An undersecretary of a USDA “Equitable Land Access Service” would be entrusted with purchasing(using taxpayer funds) and redistributing land. The reparation bill appropriates for a massive 20,000 grants annually over ten years, adding up to a total redistribution package of $80 billion.

The under-secretary would be commissioned to “(1) purchase from willing sellers, at a price not greater than fair market value, available agricultural land in the United States; and (2) subject to section 205, convey grants of that land to eligible Black individuals at no cost to the eligible Black individuals.

If the bill redistributes 160 acres per grant, it would ultimately end up transferring 1.6% of the total land in the continental United States for free.
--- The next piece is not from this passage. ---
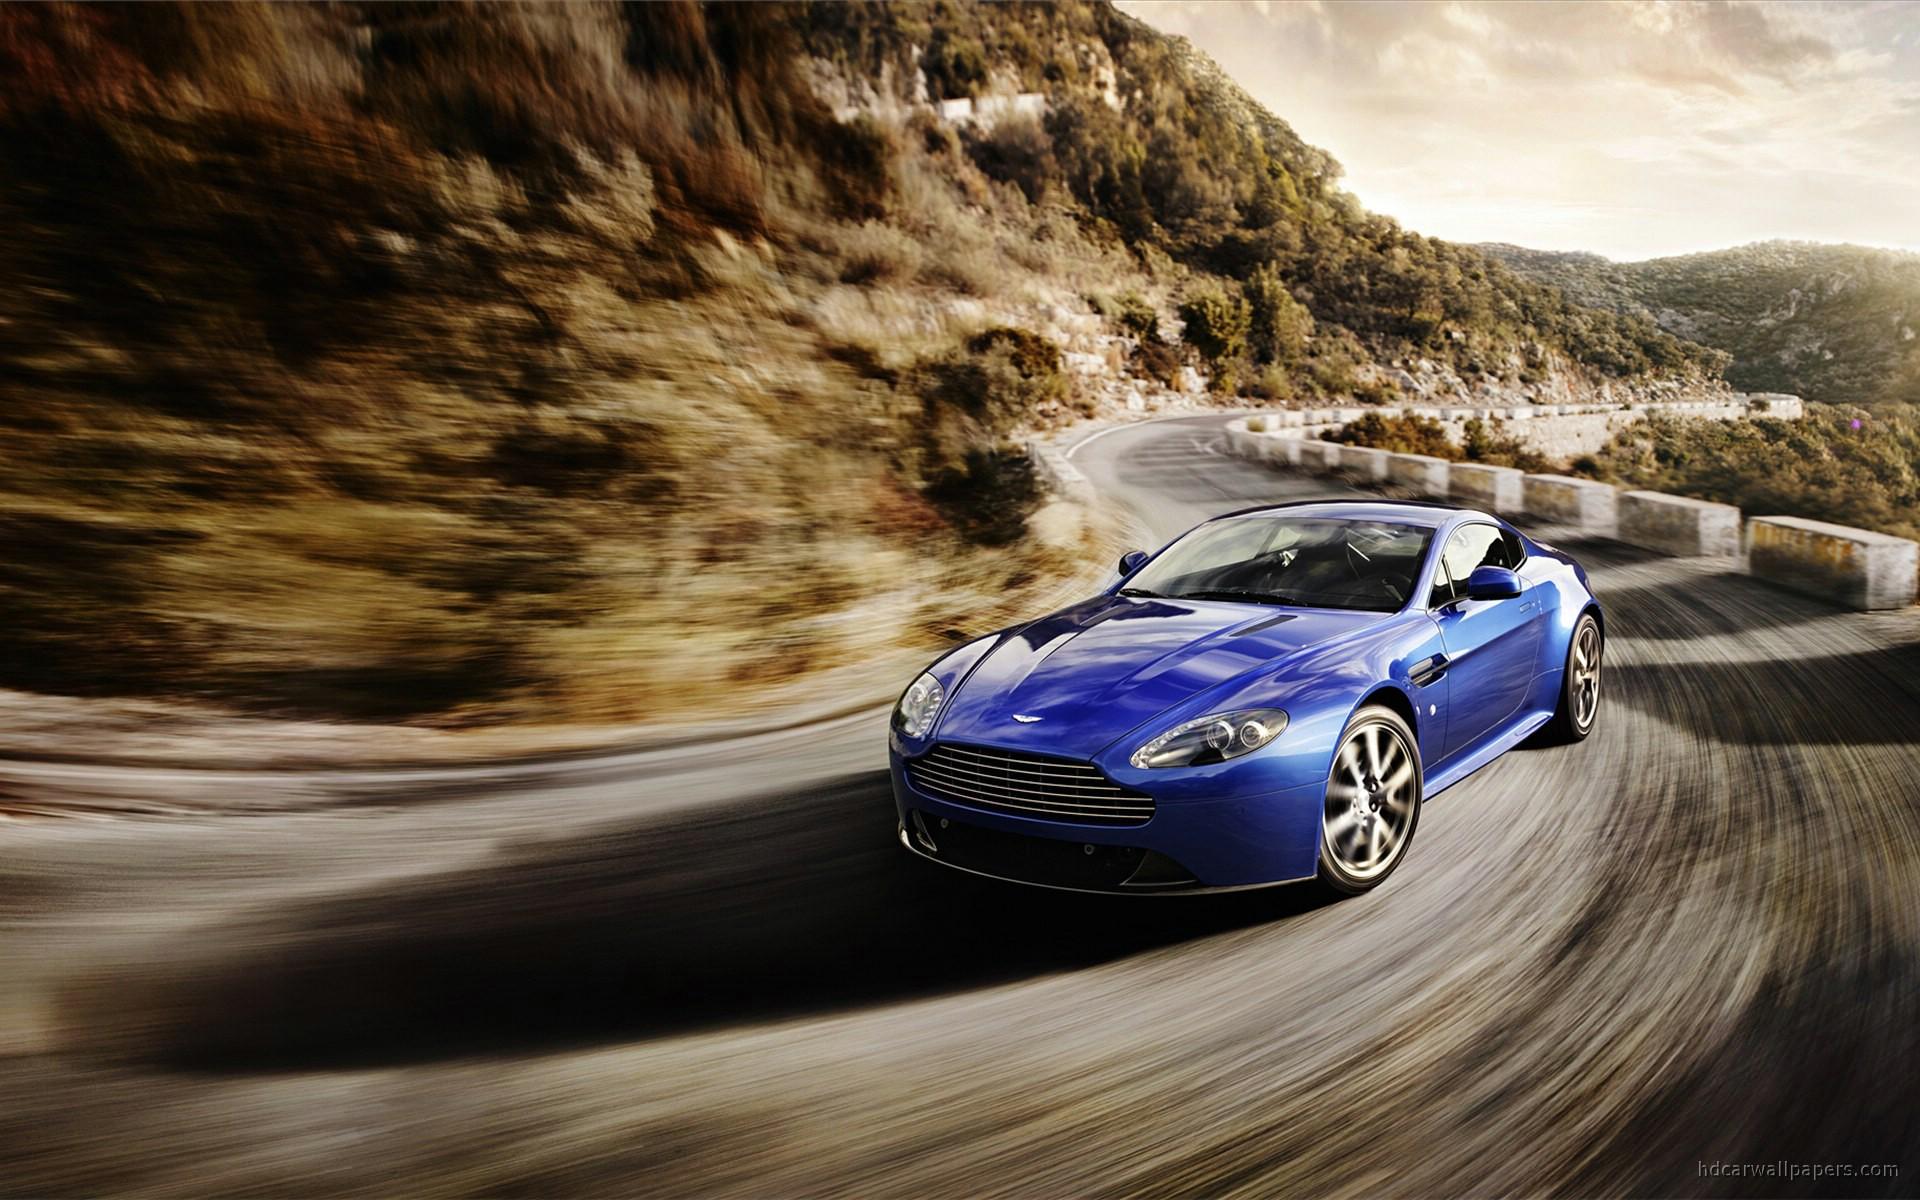 37 Aston Martin V8 Vantage Wallpapers On Wallpapersafari

Democrats cite a decline in the numbers of black farmers since the 1920’s as an impetus for the bill, pointing out that there were 1 million black farmers in 1920 and 50,000 today. Such logic ignores that the number of American farmers broadly has declined sharply as the United States transitioned to an industrial economy, and that millions of Black Americans who worked under poor conditions as sharecroppers in the American South have long since moved to northern cities.

The bill is somewhat similar to South African racial land redistribution policies, which differ primarily in that they forcibly nationalized land owned by Afrikaner farmers and redistributed them to South African Blacks. South Africa’s land reforms in the name of “equity” have proven to generally be a failure, with novel farmers unable to utilize the land they’ve been gifted in a manner beneficial to society. South Africa has transitioned from a bountiful agricultural society known as the “bread basket of Africa” to a net food importer, with experts pointing to arbitrary land redistribution as a factor in doing so.